Re: [www-mling,00154] charset parameter (long)

Daniel W. Connolly (connolly@hal.com)
Tue, 10 Jan 95 02:54:12 EST

In message <199501100548.VAA17487@neon.mcom.com>, Bob Jung writes:
>Unfortunately, the spec is lagging behind the implementations. The spec
>did not provide a means for the existing servers to resolve this problem.
>Pragmatically, I cannot introduce a server or client product that breaks
>established conventions.

OK... let's agree on a perspective before we get to the details:

Yes, the specs lag behind the implementations. This is The Internet
Way! The alternative is The ISO Way. The ISO Way is Bad.

The IETF/Internet way goes like this:
1. you propose what you think is a good idea, knowing that
Murphy's law rules, and it's incomplete.

2. a bunch of folks implement it and find the issues that
you forgot.

3. A this point (where we are now) you just go back and
clarify the original description. You decide which of the
existing practices are to become "standard," which ones
are violations of the standard, and which ones are
outside the scope of the standard.
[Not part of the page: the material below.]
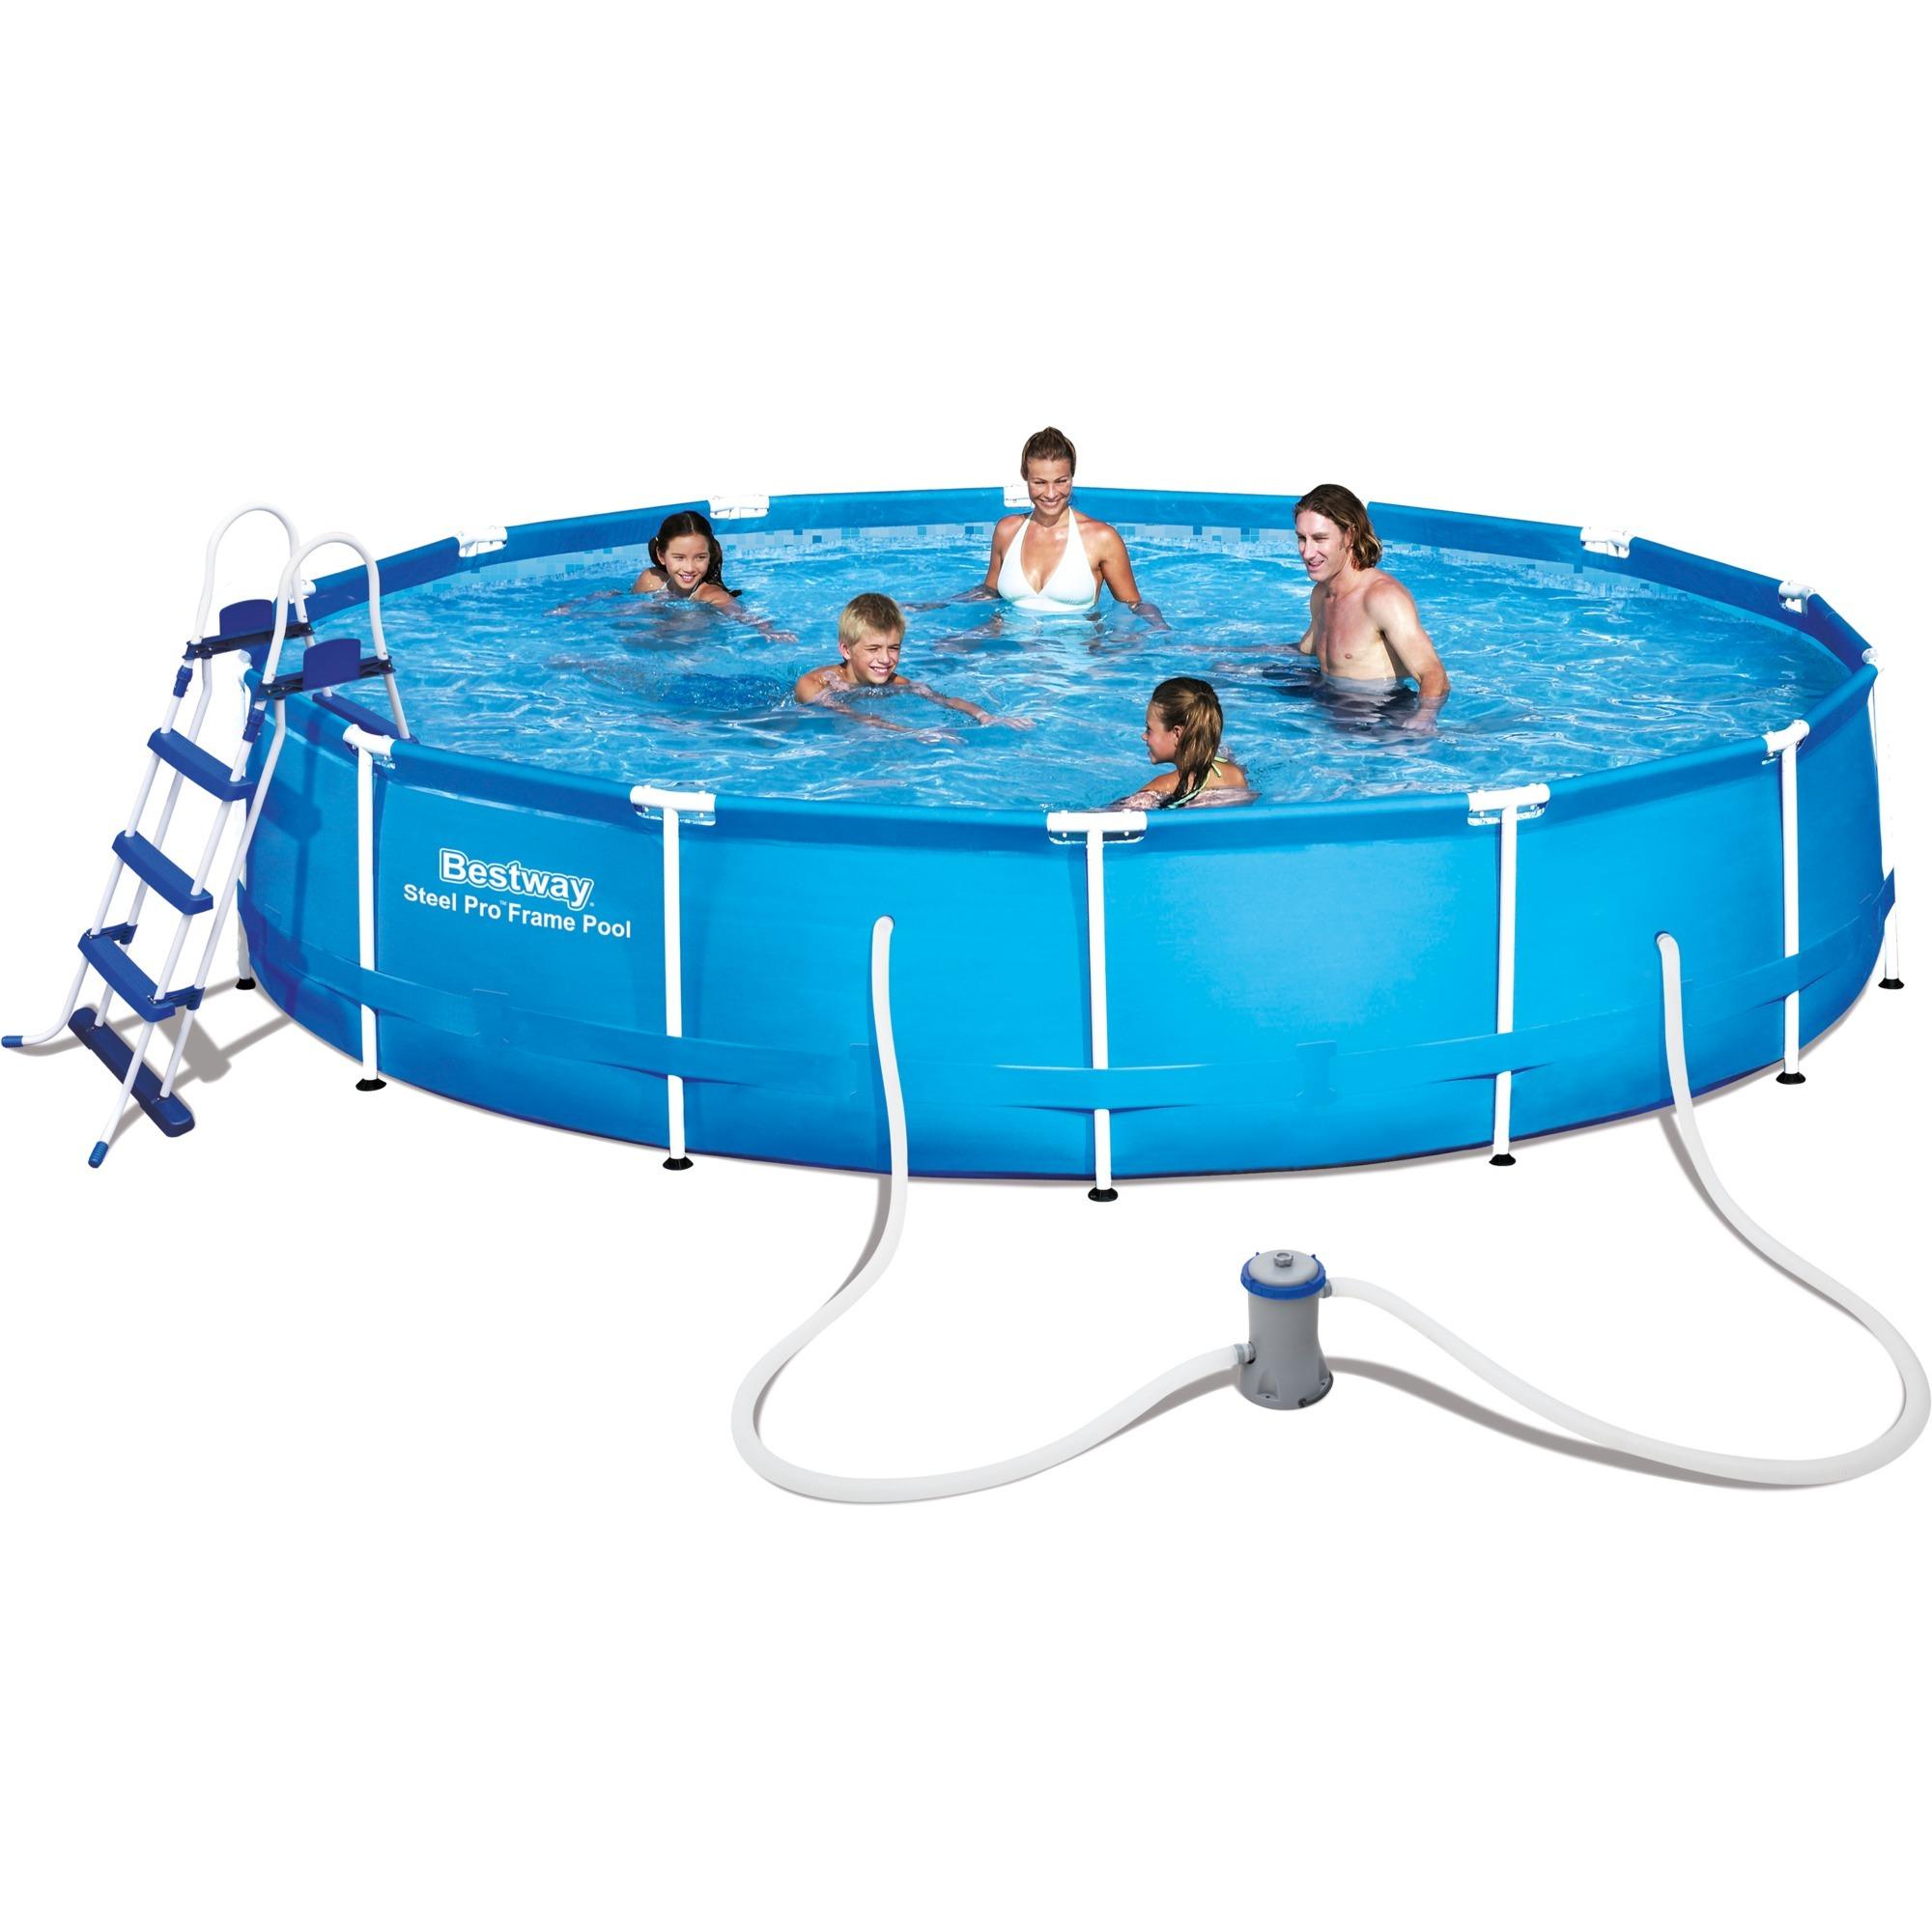 Bestway piscina rana fish me 107x104x71 prezzi sconti scp - Piscina bestway opinioni ...

Now you have a very
clear model of the original concepts from step 1, and
you write them up with extensibility and compatibility
with things coming down the pipe in mind.

4. Folks fix up the minor discrepancies with the refined
standard, and they go like mad implementing the hot, new,
unstandardized features. After a while, you revisit
step 3...

Now... back to the details...

>Daniel>|7.1.1. The charset parameter
>Daniel>|
>Daniel>| [...]
>Daniel>|
>Daniel>| The default character set, which
>Daniel>| must be assumed in the absence of a charset parameter, is US-ASCII.
>Daniel>
>Daniel>This conflicts somewhat with your proposal.
>
>I agree that if the charset parameter is not specified, the default
>***should*** be US-ASCII (or ISO8859-1, if it's been changed).
>
>Unfortunately, since charset was reserved for future use, Japanese servers
>had no choice but to serve non-Latin files without a charset parameter!!

Right. They found an issue not covered in the original spec. The question
is whether we should call this legal, illegal, or outside of scope.

>Why don't we enforce the default for servers using a future version of the
>HTTP protocol? ...and let current versions be "implementation dependent"
>in order to preserve backwards compatibility?

Well... we can call it illegal and put a note in the spec that says
"look out for violations" or we can say that it's undefined -- a
client can't count on seeing latin1 when there's no charset= param.

I think that calling it illegal is more consistent with current
practice: lots of clients _do_ expect to see latin1. And it's
consistent with the MIME spec.

In my book, if you have a conforming client talking to a conforming
server, you shouldn't be able to observe any faults. What you get
with, say, doslynx tring to display a japanese file counts as a fault
in my book. I think the spec should say that somebody was doing
something wrong there.

>Daniel>But... back to the case of ISO2022-JP encoded data tagged as plain
>Daniel>"text/html". The business of slapping "charset=ISO8559-1" on the end
>Daniel>would muck things up. So where do we assign fault?
>Daniel>My vote is to assign fault at the information provider for serving up
>Daniel>-JP encoded data without tagging it as such.
>
>We are not trying to fix existing browsers/servers.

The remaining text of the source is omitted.